Since most things are not for free, we may reckon that some kind of tradeoff exists. We hence investigate the empirical runtime of the models. More precisely, we consider the average runtime (in milliseconds) per training iteration as shown in Figures 3.13– 3.17. Results on MSE and NNZ-ratio are very close for different decay types. This changes when we consider the runtime. The experimental results on the synthetic data (Figures 3.13 and 3.14) reveal an ordering of decay and model types. In fact, M2 models have the shortest runtime per iteration, followed by the M1 model, followed by M3 models with regular decay, followed by M3 models with inverse decay. In some cases, the runtime difference between sparse M3 models with rational or exponential decay and M1 is below one millisecond.

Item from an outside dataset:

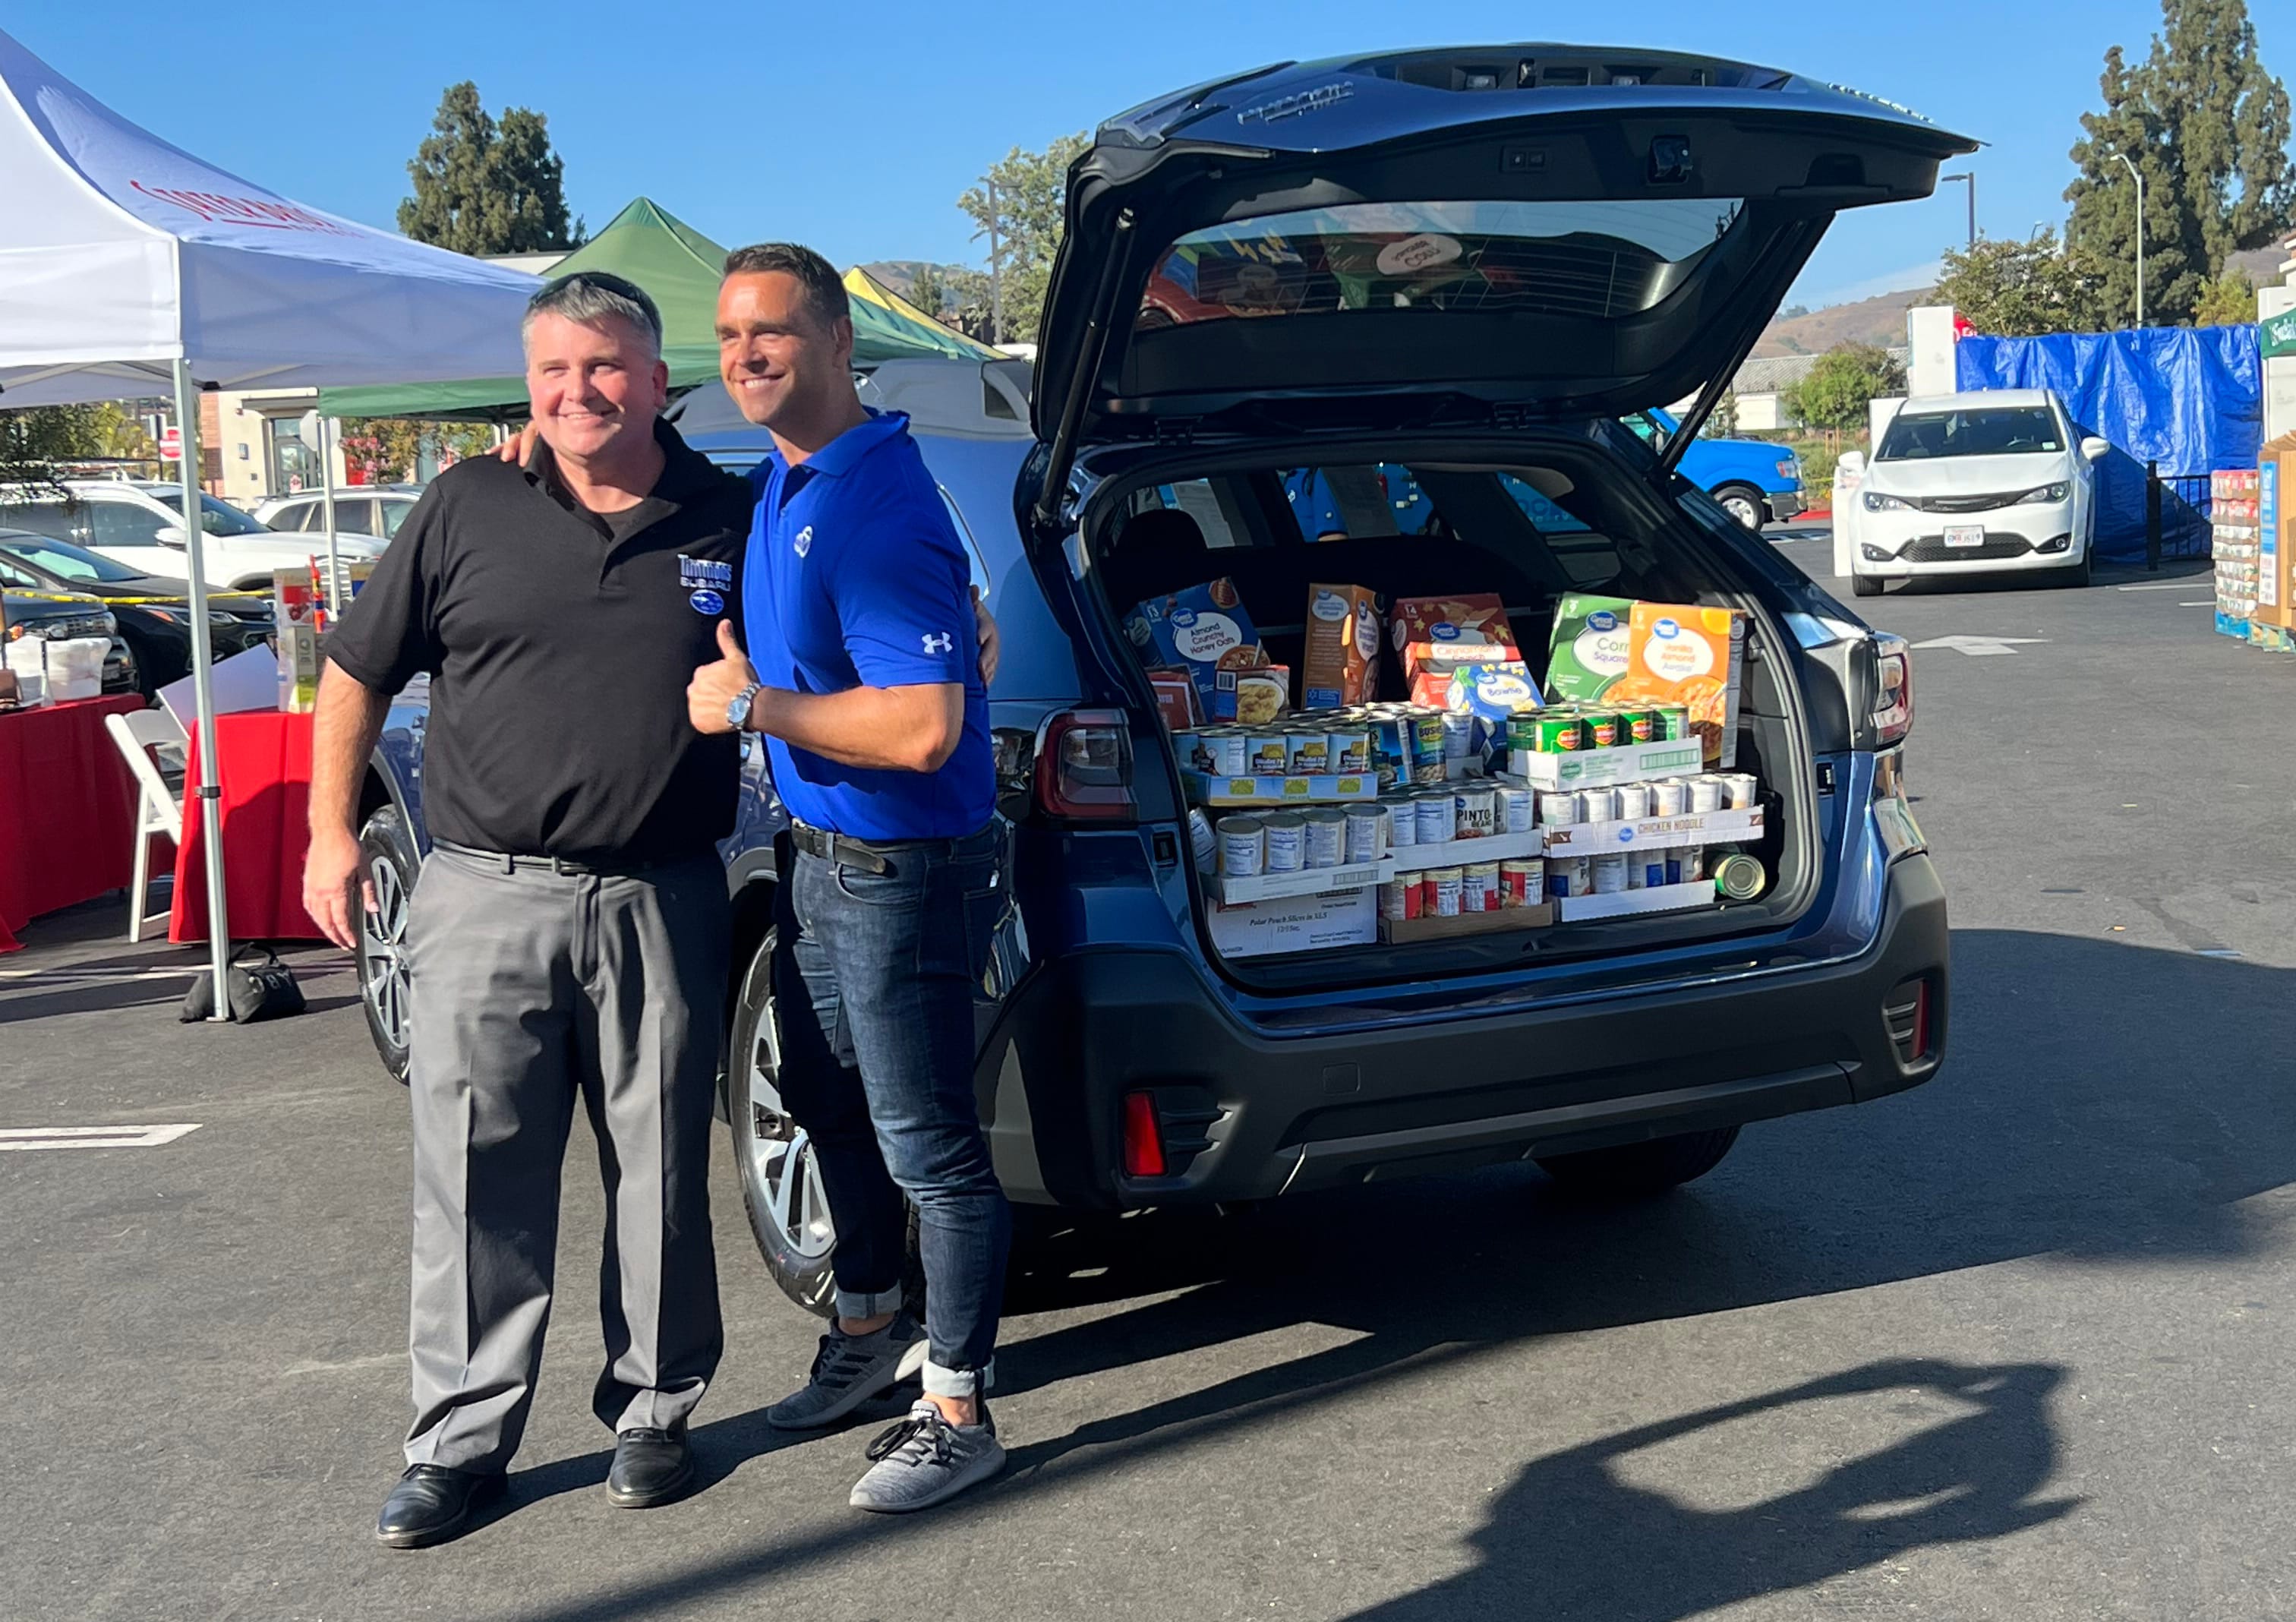 Timmons Subaru is proud to participate in the ABC7 Feed SoCal Food Drive
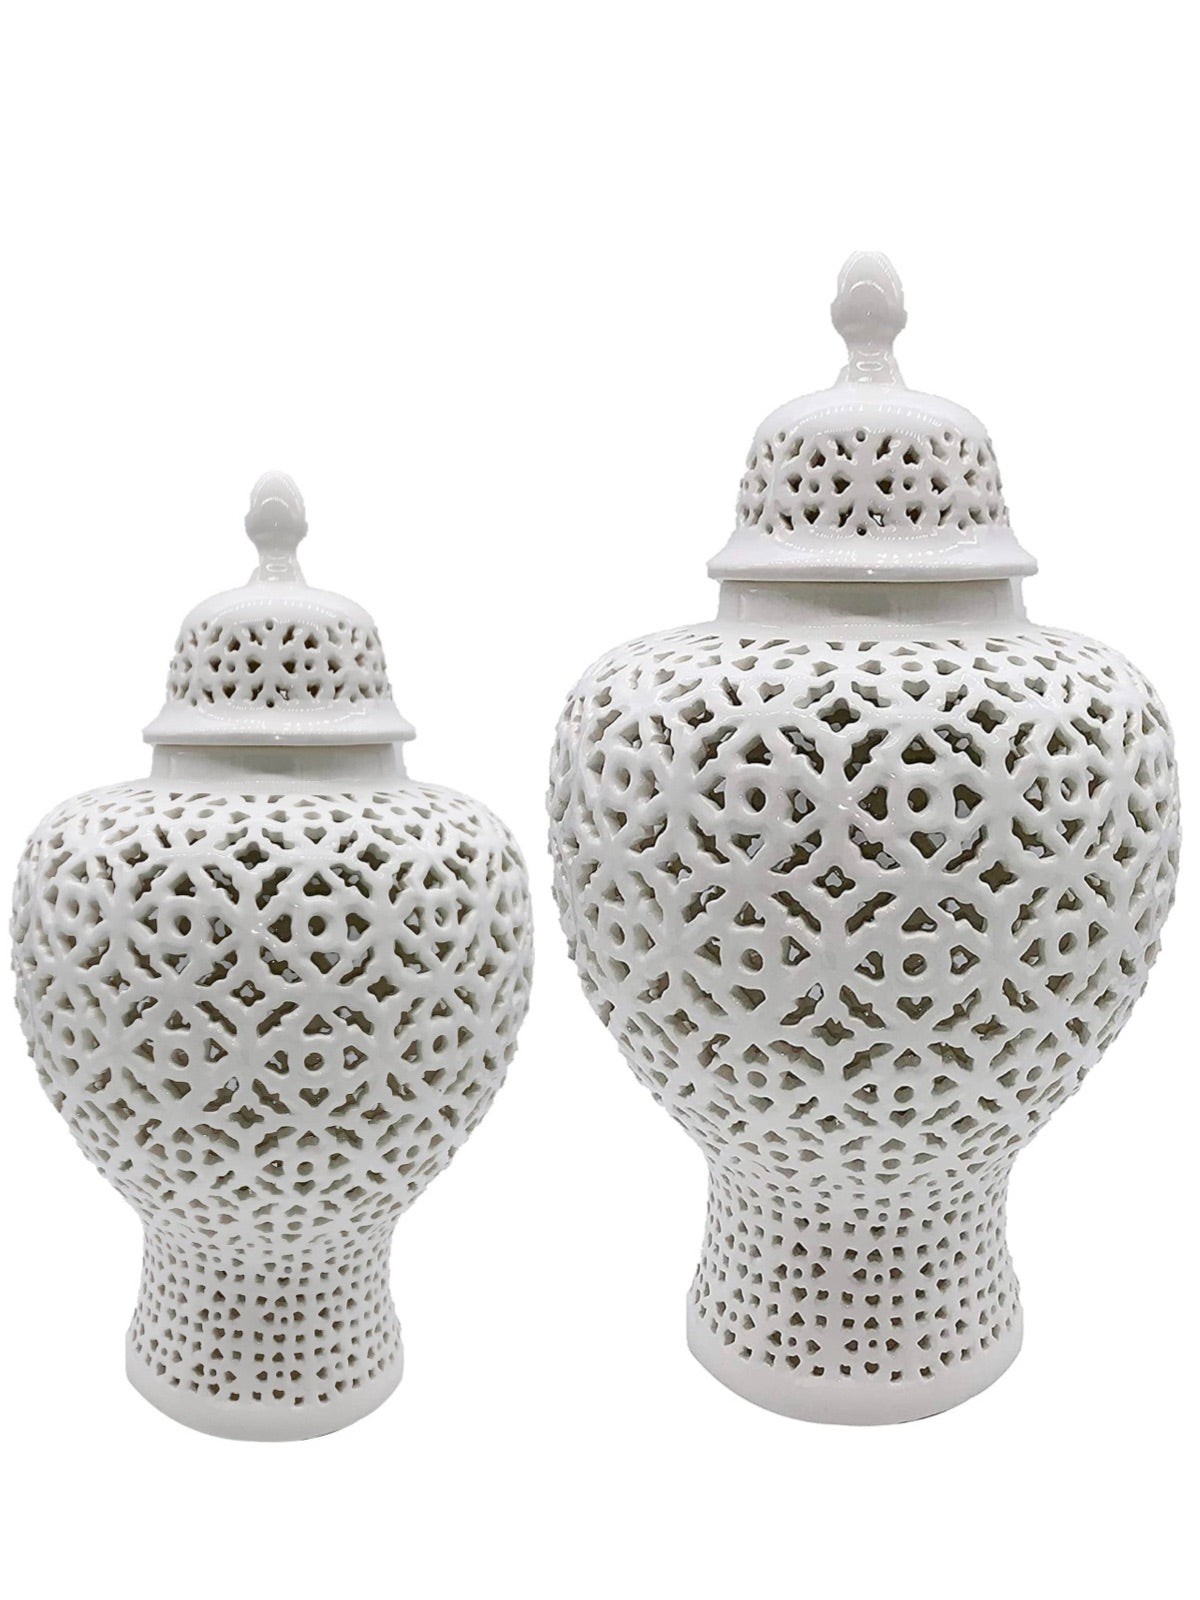 White Ceramic Ginger Jar with an elegant pierced design and lid. Available in 2 sizes

This result is intuitive if one recalls what kind of computation has to be performed for each model. The asymptotic complexity of M1 and M2 models is equivalent, and since arithmetic which involves many zeros can be carried out faster, sparse M2 models are faster than their dense M1 counterparts. On the other hand, M3 models have to “decode” the natural exponential family parameters at runtime and hence suffer from a computational overhead. Regular decay types assign the coefficient ≈ 0 to parameters which are far from the parameter at time t. Hence, decoding their natural parameters enjoys the same effects which make M2 models faster than M1 models. Inverse decay types assign non-zero weights to almost all preceding parameters and are hence inherently slower than reparametrizations with regular decay. This behavior can be observed in all experiments on synthetic data, no matter if we treat the runtime as a function of the regularization weight, as a function of the redundancy, or as a function of the models depth.

But in some cases, the order is not preserved, e.g., models with regular decay can sometimes be slower than models with inverse decay. This can be explained with the rather shallow depth of our real-world models (T = 12), since a higher depth implies a larger performance penalty for inverse decay types.

More surprising is that in some cases, M3 models are actually faster than M1 and even M2 models on the real-world data. This signifies that the parameters learned by M3 models may ease the computation of loopy belief propagation in some undiscovered way—at least on our real-world data. However, we cannot preclude the possibility that this behavior is triggered by imperfections in the real-world data which are not present in the synthetic data.

To sum up, the theoretical runtime penalty of M3 models can be observed in our experiments. In many cases, this penalty amounts to a few milliseconds, and in some other cases, the penalty is not existing at all. Our reparametrized models are thus a practical alternative to classic undirected models.